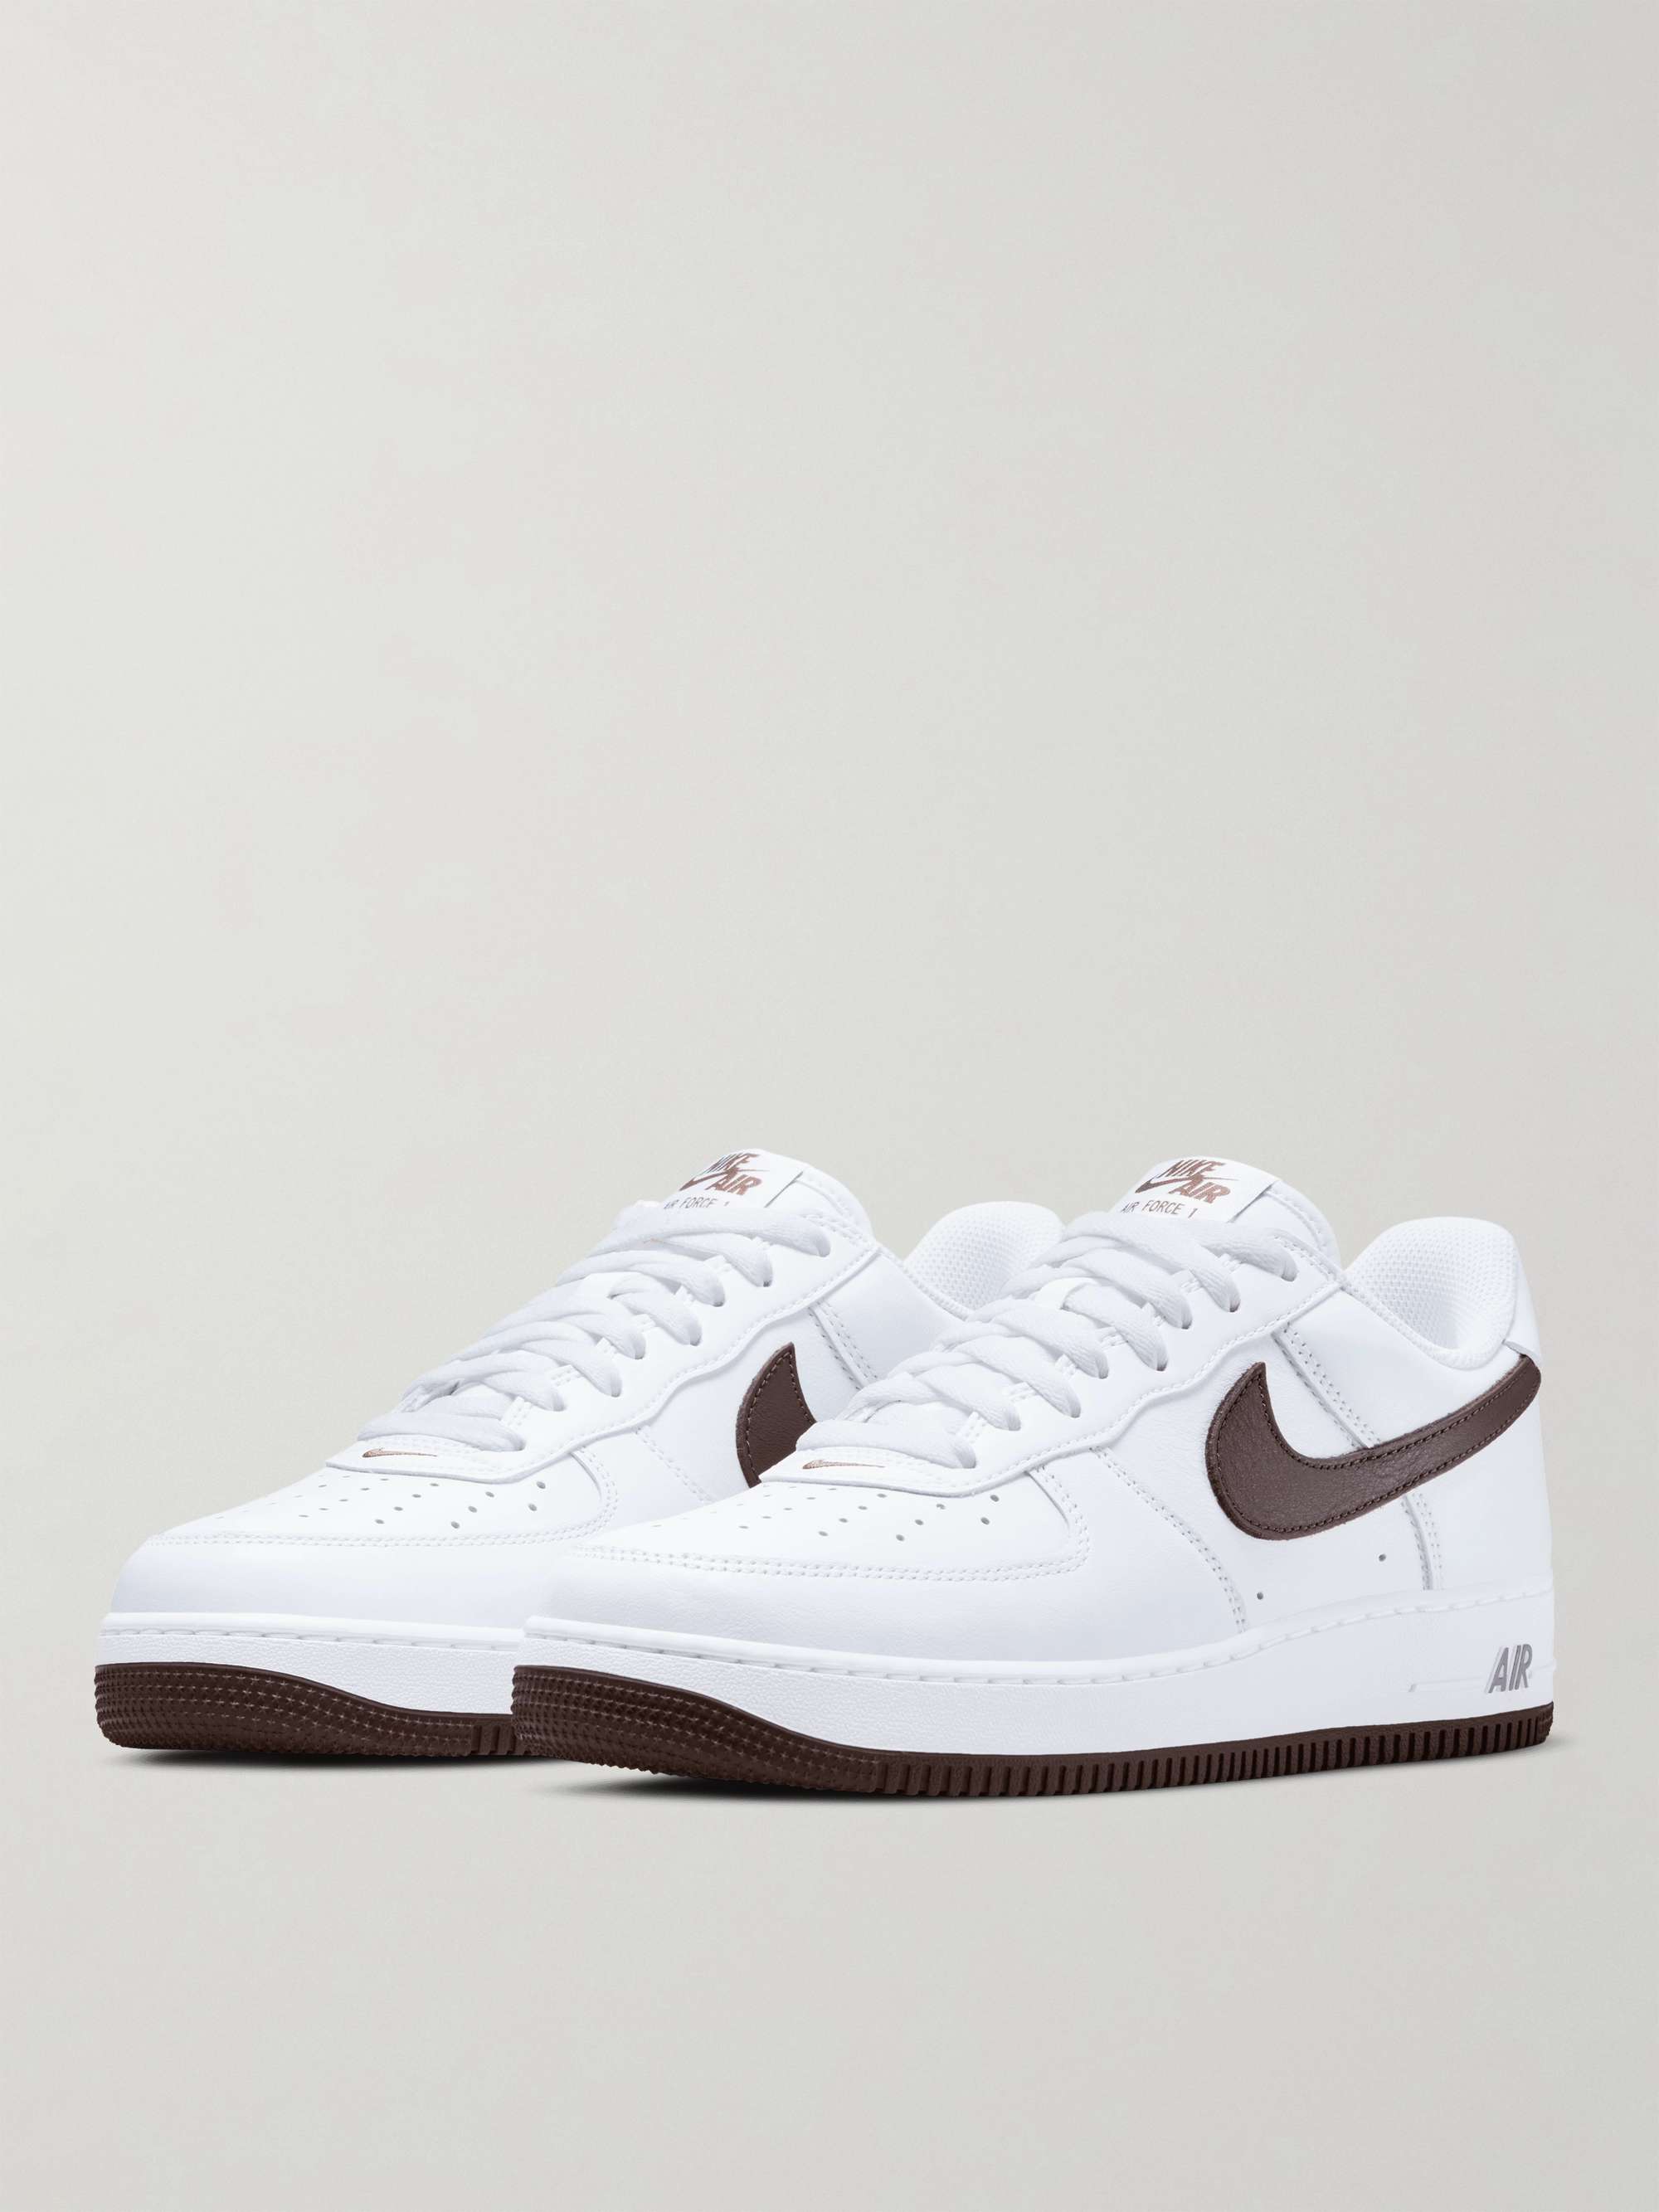 NIKE Air Force 1 Low Retro Leather Sneakers
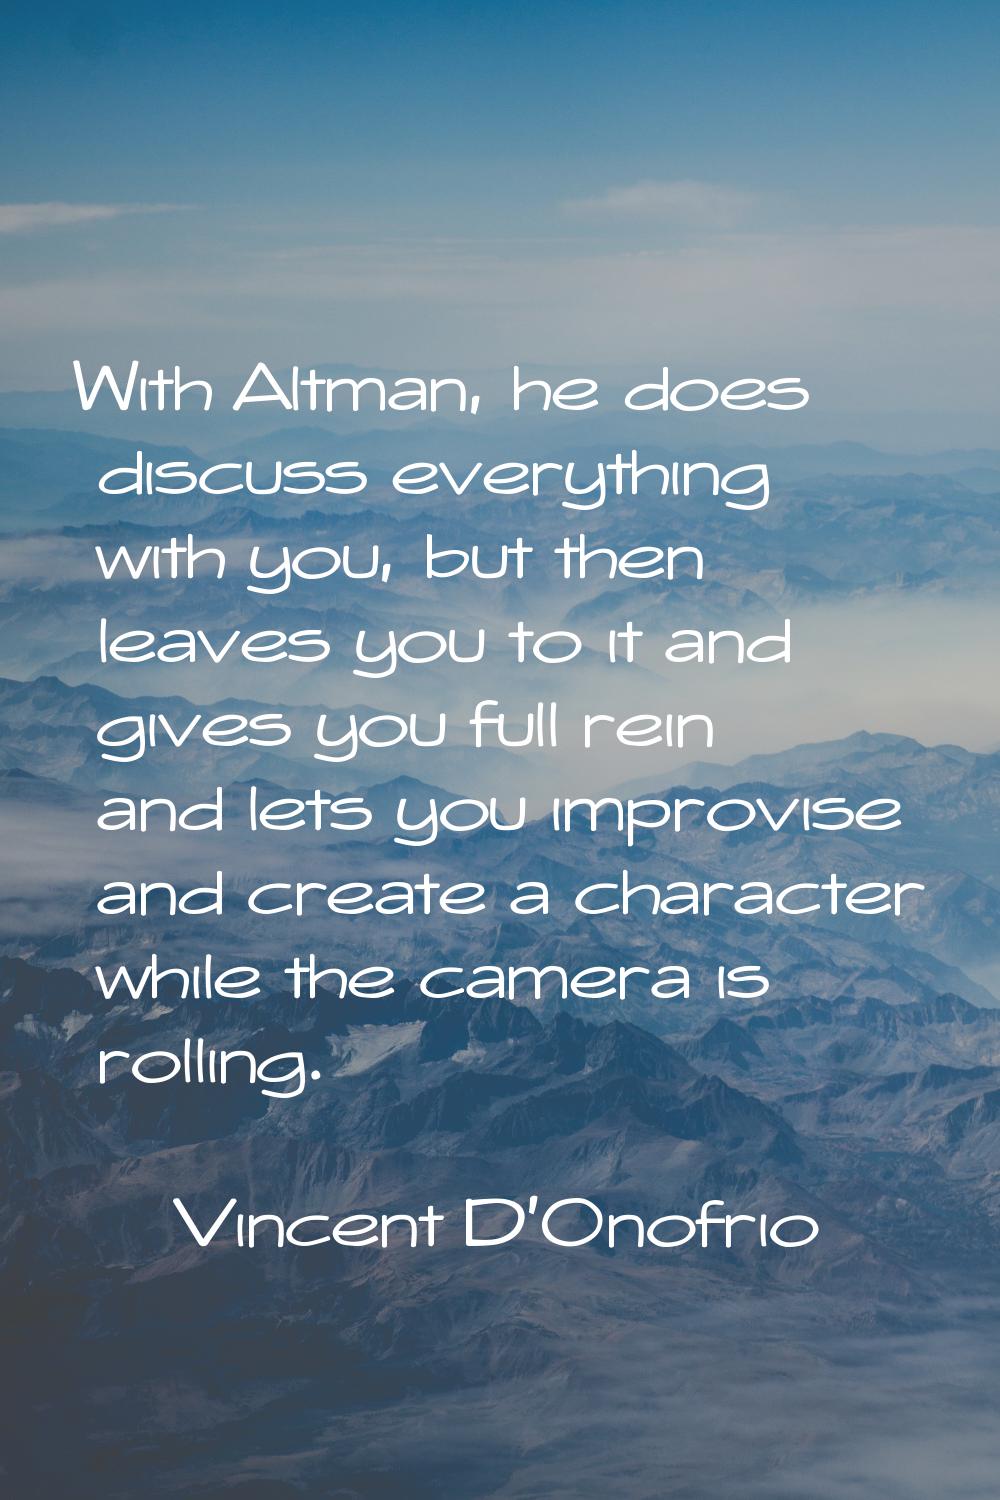 With Altman, he does discuss everything with you, but then leaves you to it and gives you full rein
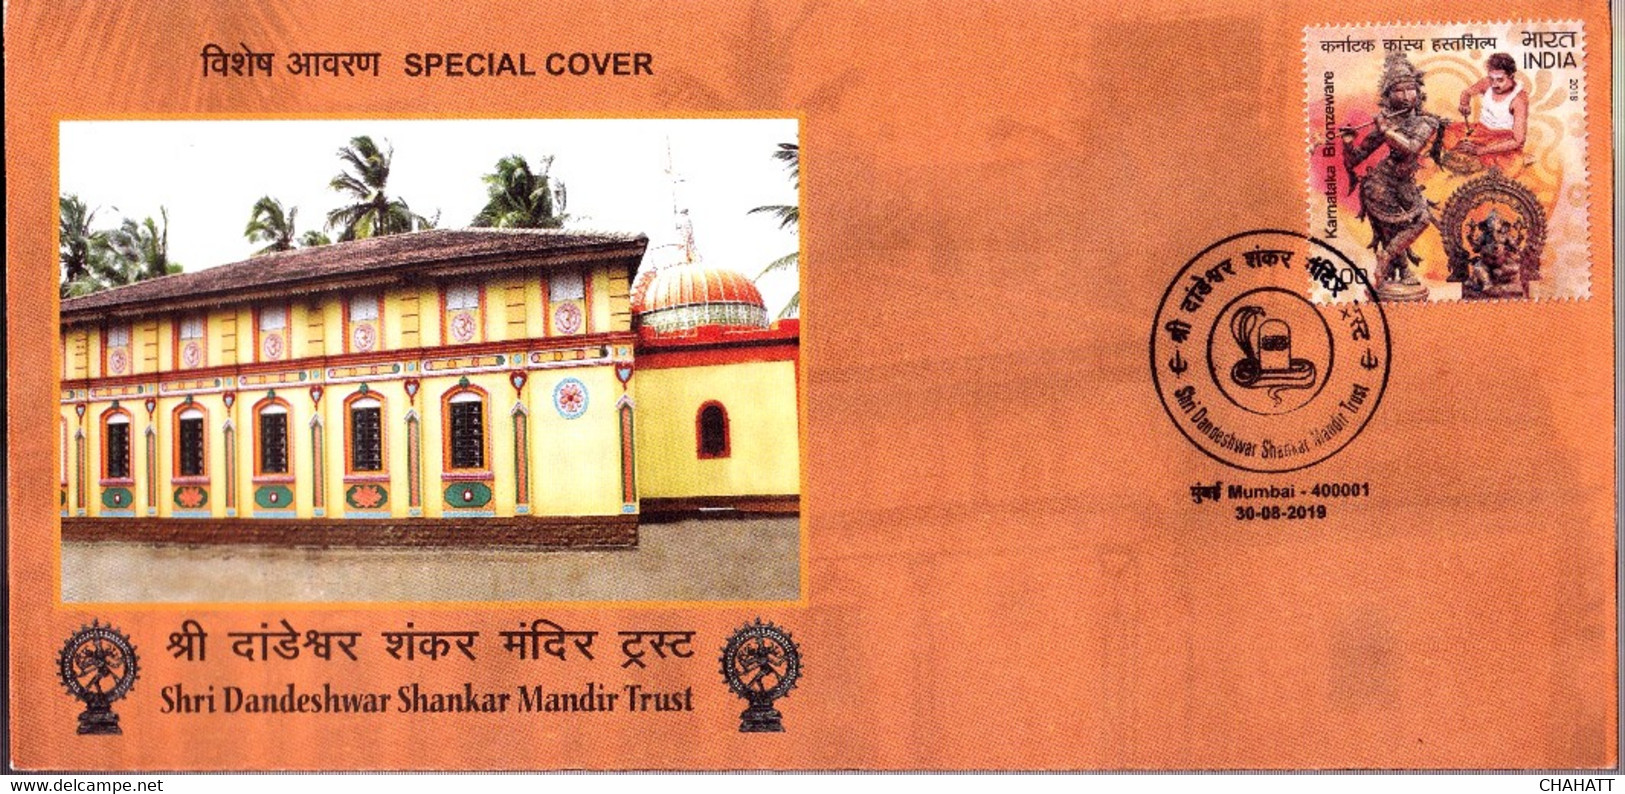 HINDUISM- LORD SHIVA- DANDESHWAR SHANKAR TEMPLE - SPECIAL COVER WITH PICTORIAL CANCELLATION- INDIA-2019-BX3-30 - Hinduismo

Exercise objective => Provide the listing above once more, exactly, with the pictures removed.

Worked solution =>
 NIKE Air Force 1 Low Retro Leather Sneakers
 With Altman, he does discuss everything with you, but then leaves you to it and gives you full rein
 HINDUISM- LORD SHIVA- DANDESHWAR SHANKAR TEMPLE - SPECIAL COVER WITH PICTORIAL CANCELLATION- INDIA-2019-BX3-30 - Hinduismo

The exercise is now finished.